**WHAT TO WORK ON:** Give the lines below again exactly, starting with the line that holds "Natures Plus Liquid" and going on through the line that holds "Living in Fernando Pessoa's world".

**INPUT:**

════════════════

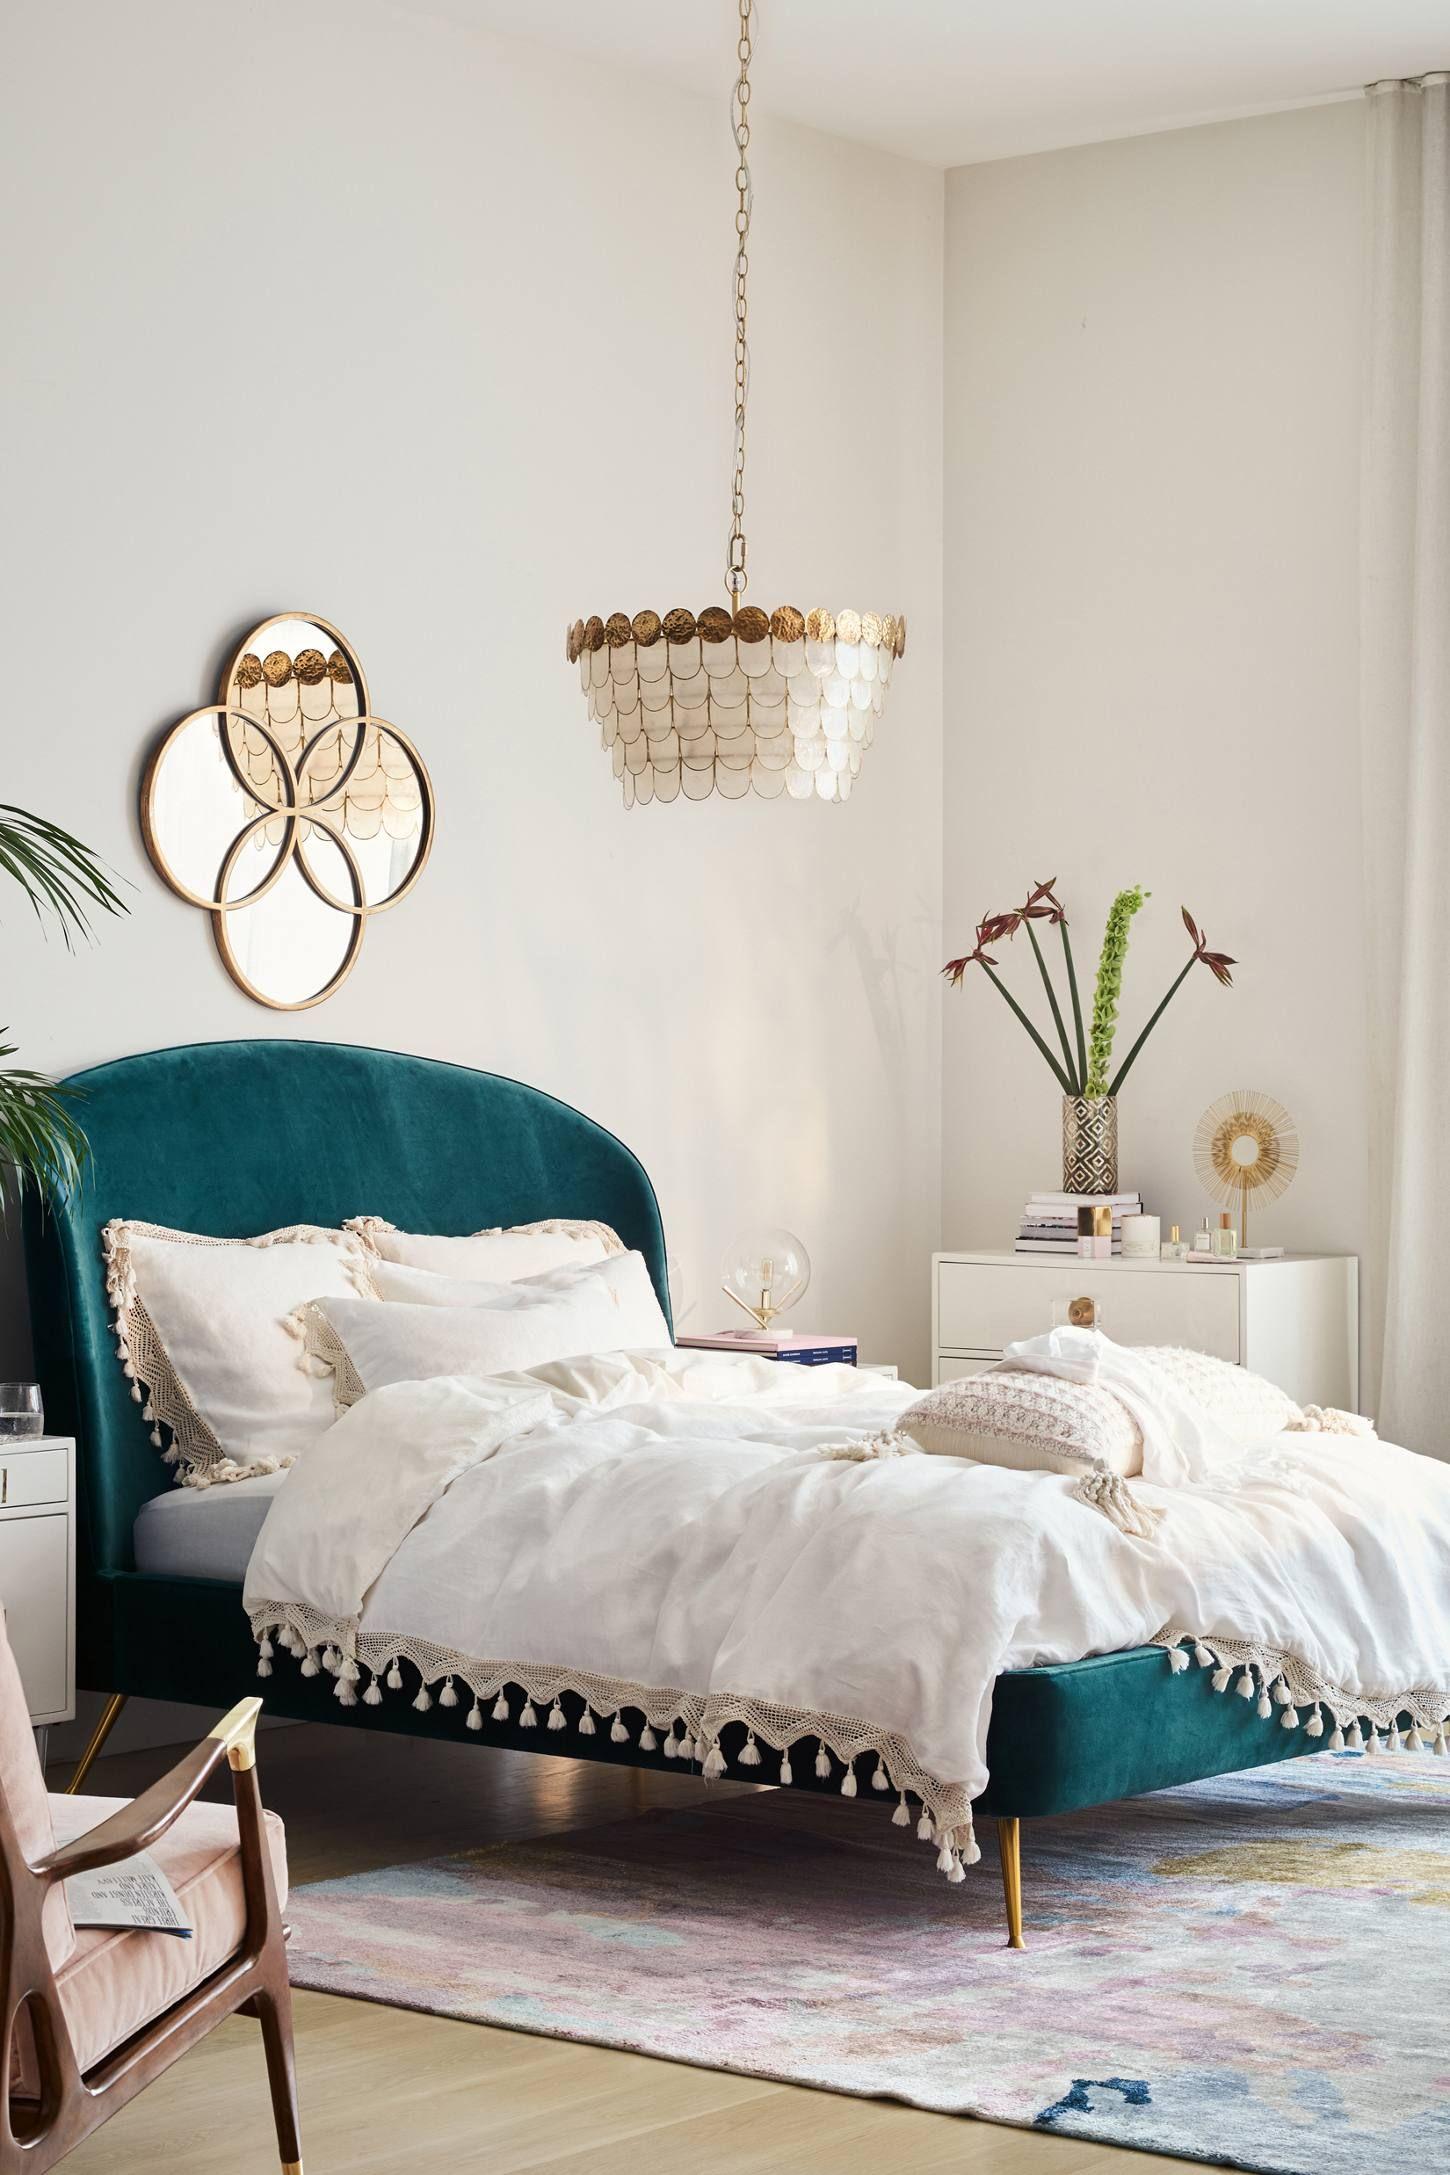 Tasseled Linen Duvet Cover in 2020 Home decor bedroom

════════════════

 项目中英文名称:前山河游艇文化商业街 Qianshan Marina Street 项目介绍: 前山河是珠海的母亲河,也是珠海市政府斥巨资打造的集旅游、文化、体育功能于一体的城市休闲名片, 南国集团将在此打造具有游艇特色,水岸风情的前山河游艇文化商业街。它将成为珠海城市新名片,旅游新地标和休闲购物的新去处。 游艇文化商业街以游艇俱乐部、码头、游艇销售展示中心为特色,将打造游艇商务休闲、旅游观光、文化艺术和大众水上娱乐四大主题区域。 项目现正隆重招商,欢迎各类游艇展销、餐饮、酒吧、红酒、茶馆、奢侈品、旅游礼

════════════════

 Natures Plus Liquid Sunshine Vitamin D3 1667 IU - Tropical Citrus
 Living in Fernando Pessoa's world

════════════════

**RESPONSE BOX:**
 Natures Plus Liquid Sunshine Vitamin D3 1667 IU - Tropical Citrus
 Living in Fernando Pessoa's world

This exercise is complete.